Can a website ask to be forgotten?
Yes. If a previously indexed website asks to be forgotten, NOSIBLE removes its data from the index and notifies affected paying customers of the change. The process gives source owners a direct control path when they do not want their site indexed or surfaced through NOSIBLE search results, while keeping the operational change visible to customers who rely on that source.
Can an individual ask NOSIBLE to delist a result about them?
Yes. A person can raise an objection, erasure request, or delisting request when search results surface information about them. Search-engine privacy law requires a balance between privacy, accuracy, age of the information, public role, source context, and the public interest in access (Google Spain; GC and Others v. CNIL; NT1 and NT2).
How does NOSIBLE handle transparency when data comes from third-party sources?

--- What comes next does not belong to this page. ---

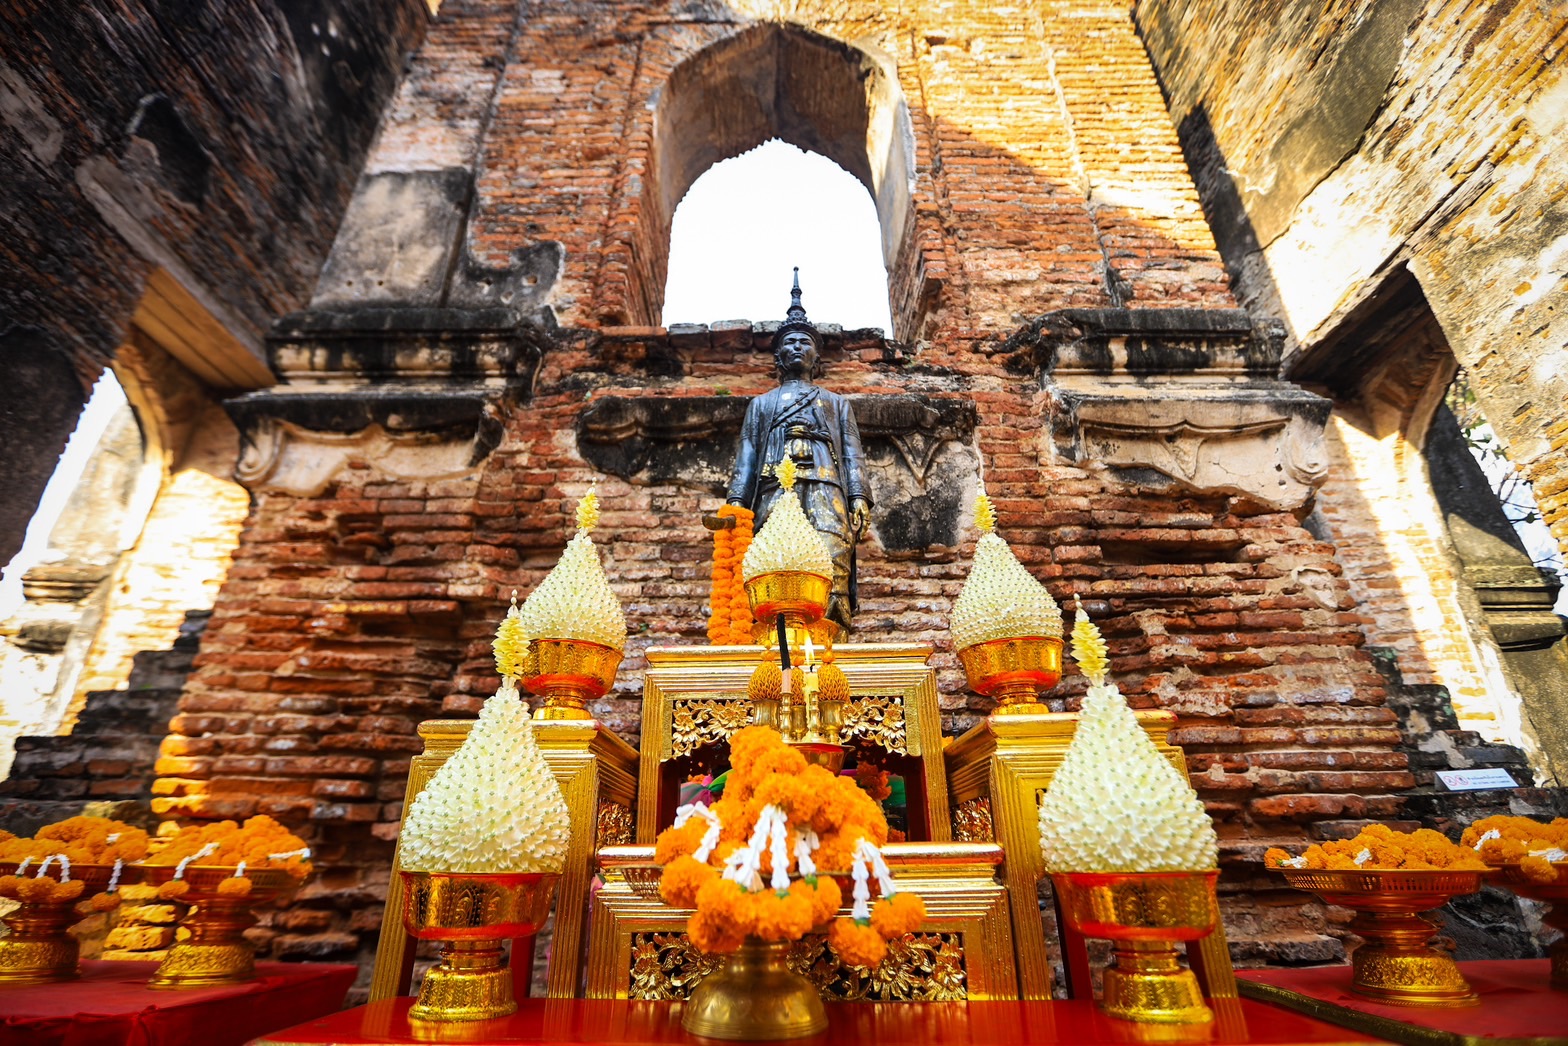 ผู้ว่าฯลพบุรี นำส่วนราชการ องค์กรทุกภาคส่วนของจังหวัดลพบุรี ทำพิธีขอพระบรมราชานุญาต จัดงานแผ่นดินสมเด็จพระนารายณ์มหาราช ครั้งที่ 36 ประจำปี 2567

NOSIBLE collects from published sources rather than directly from every person named in those sources. Individual notice at web scale can be impossible or disproportionate, but GDPR Article 14 still requires public information and safeguards. The Article 29 Working Party transparency guidelines require a documented analysis and public notice where Article 14(5)(b) is used.
What happens to delivery files and customer outputs?
Fast Search returns results in the HTTP response. Bulk Search returns a link to an encrypted JSON file when the job is ready. Crawl Feed publishes matching results to a private pub/sub channel, and Search Feed delivers results to S3 or a customer-selected storage system. Delivery setup controls customer-side access, retention, and handling.
What privacy issues should customers consider with delivery files?
Customers review where result files land, who can access that storage, and how long downstream systems retain the outputs. NOSIBLE can return results in an HTTP response, encrypted JSON file, private Pub/Sub channel, S3 bucket, or customer-selected storage system.